In their example, these differences lead to deviations in economic capital in the range of 12 % –16 %, depending on the distributional assumption for recovery rates in the extended model. The following two aspects call for further research and can provide useful extensions of their analyses. Analysing what causes recovery rates derived from market prices at default to be so different from recovery rates derived from prices at emergence from default is a second interesting aspect requiring further research, especially as these differences have a strong impact on the economic capital.
Q3. What are the main factors that affect recovery rates?
Apart from a potential influence by the macroeconomy, several contract–specific factors, for example, seniority and collateral, also seem to affect recovery rates.
Q4. What is the sensitivity of the recovery rate to the systematic risk factor?
In the reference model that assumes a logit–normal distribution of recovery rates, the sensitivity depends not only on the product σ √ ω but also in a non–linear way on the recovery rate.
Q5. What are the three distributional assumptions tested for the recovery rates?
Three distributional assumptions are tested for the recovery rates: a logit–normal distribution, a normal distribution and a log–normal distribution.

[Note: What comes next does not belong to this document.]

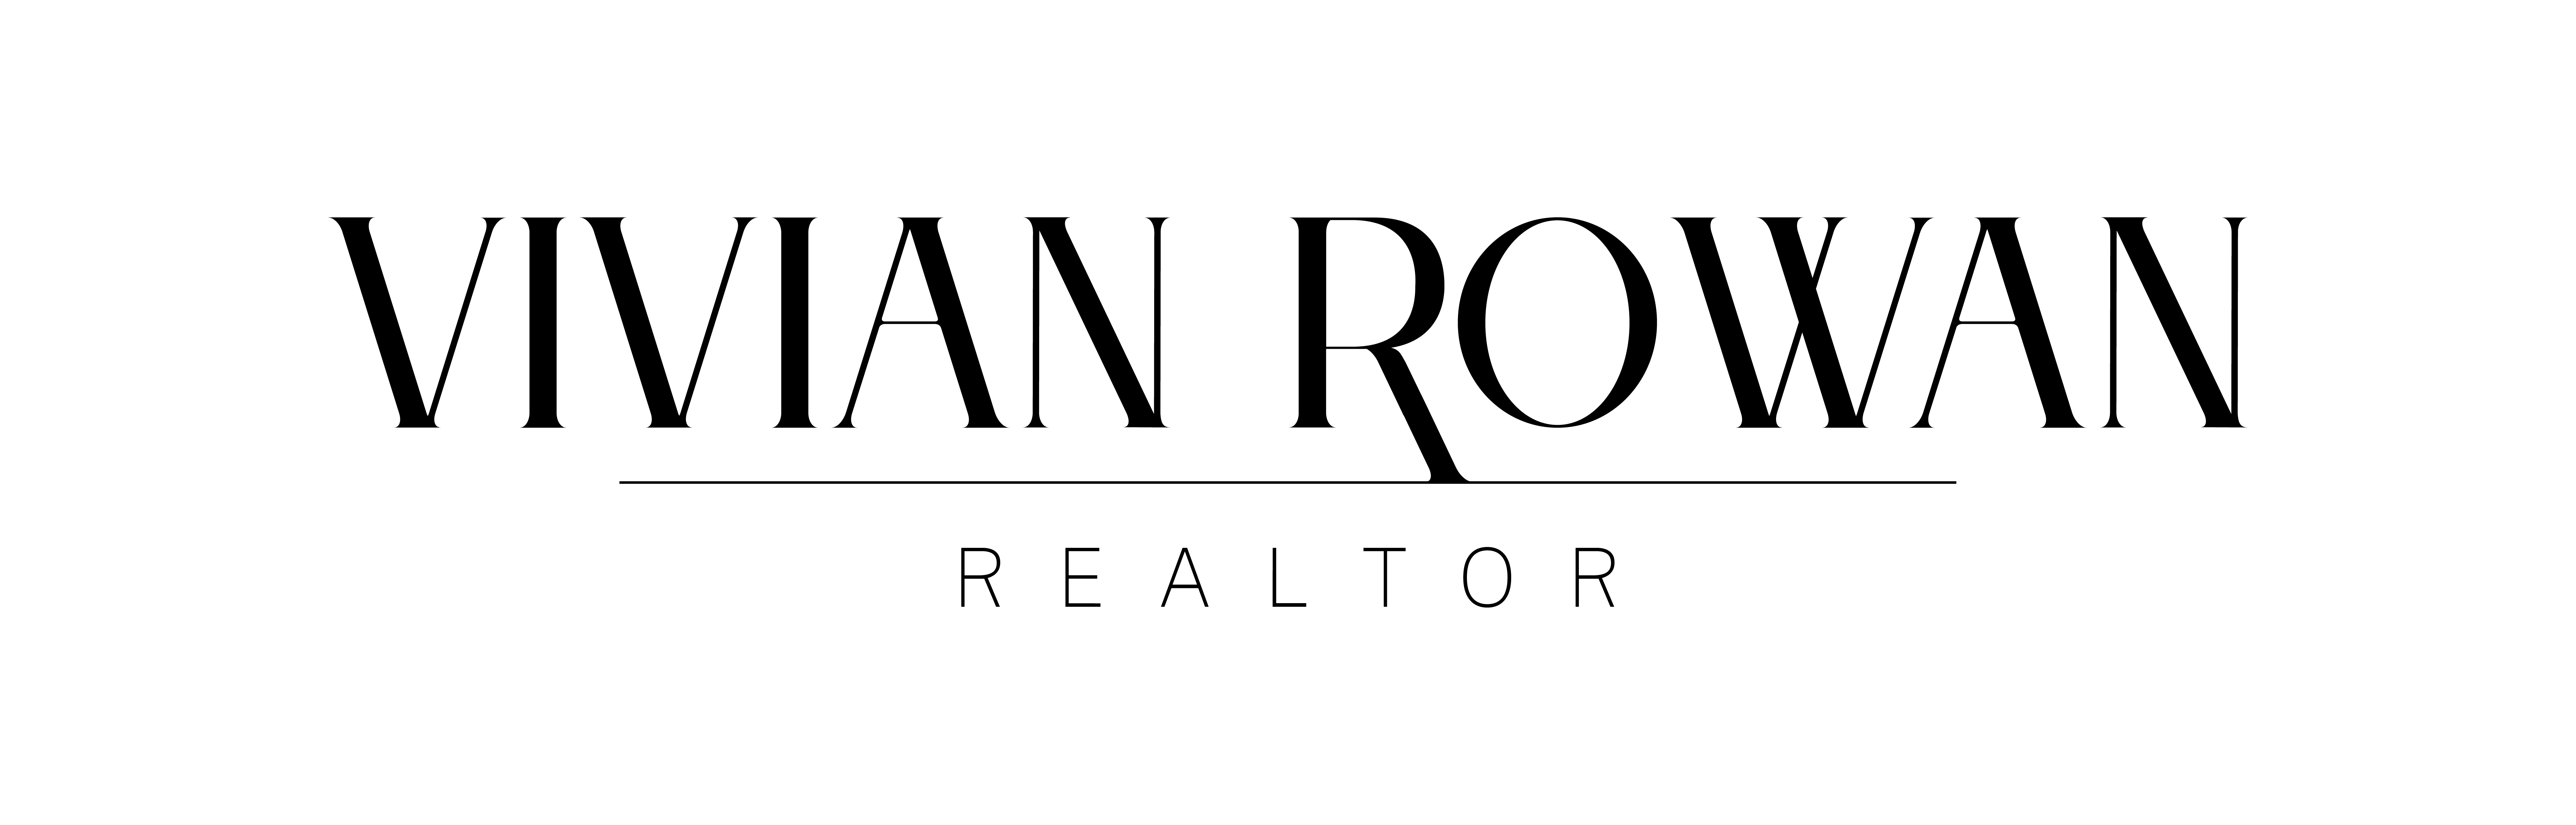 Vivian Rowan Realtor Logo Transparent
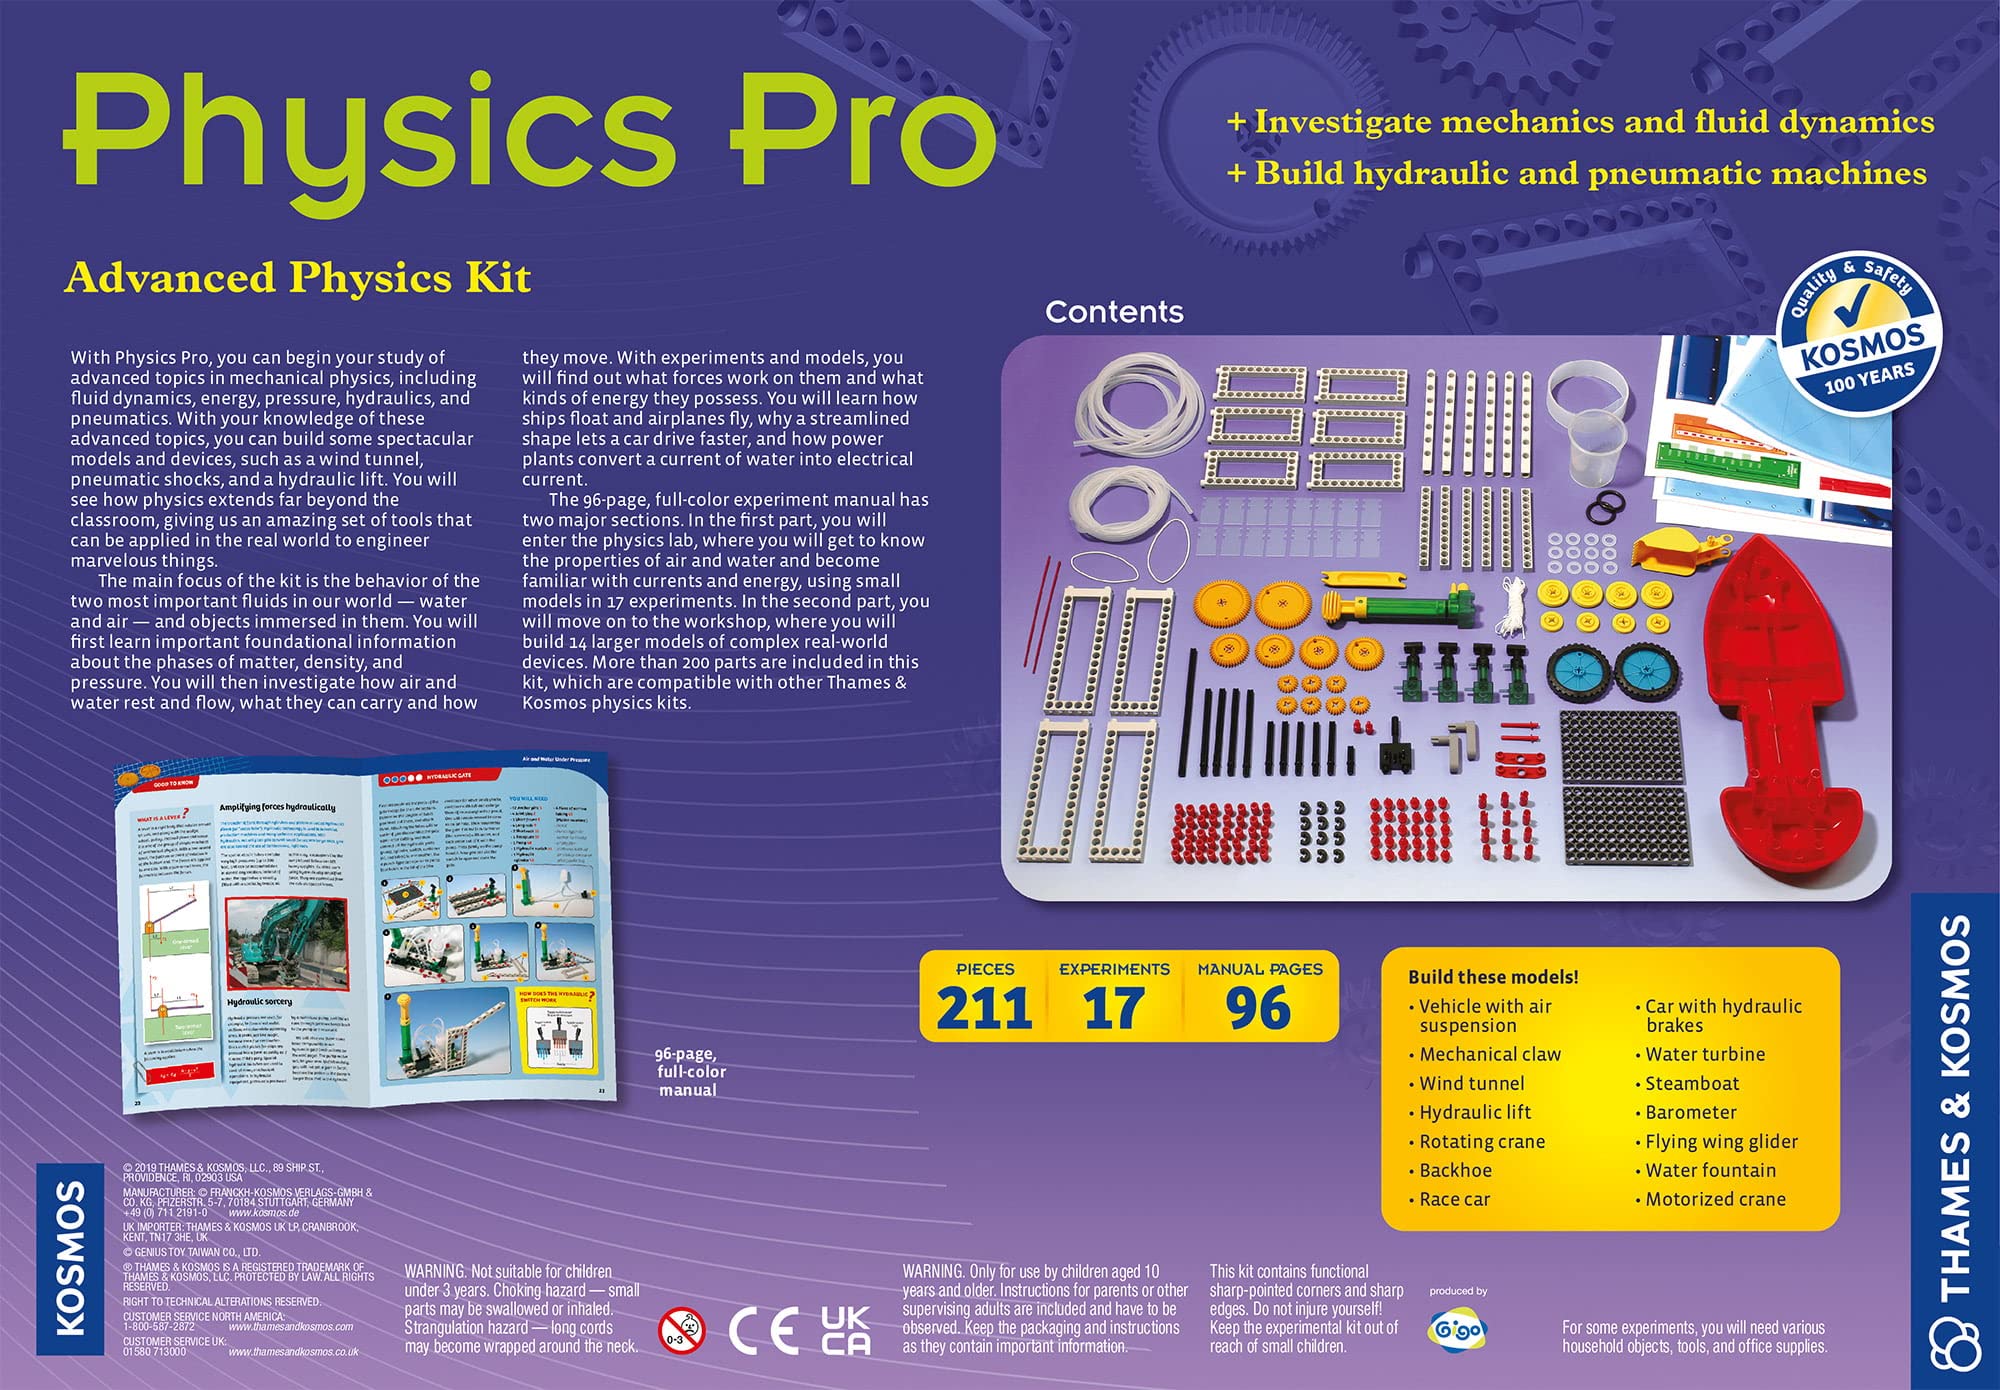 Thames & Kosmos Physics Pro (V 2.0) Science Kit | 96 Page Color Manual | 31 Experiments | Advanced Physics Education Kit | Parents' Choice Silver Award Winner

Q6. How does the univariate model explain the variation in average recovery rates?
For the univariate model incorporating bond default rates as explanatory variables, they find that they can explain about 60% of the variation in average annual recovery rates.
Q7. What are the three distributional assumptions used to explain the recovery rates?
In standard specification tests, the logit–normal distribution and the normal distribution are found to explain the observed recovery rates better.
Q8. How are the parameters of the recovery rate distribution estimated?
In all three extended models parameter estimation is carried out in two steps: in the first step, the authors estimate the parameters of the asset value process, ρ and PD, and in the second step the three parameters of the recovery rate distribution.
Q9. What is the relevant range from a risk management perspective?
The log–normal distribution yields the least systematic risk–sensitive estimate of the three models if X is smaller than −0.8 which is the most relevant range from a risk– management perspective.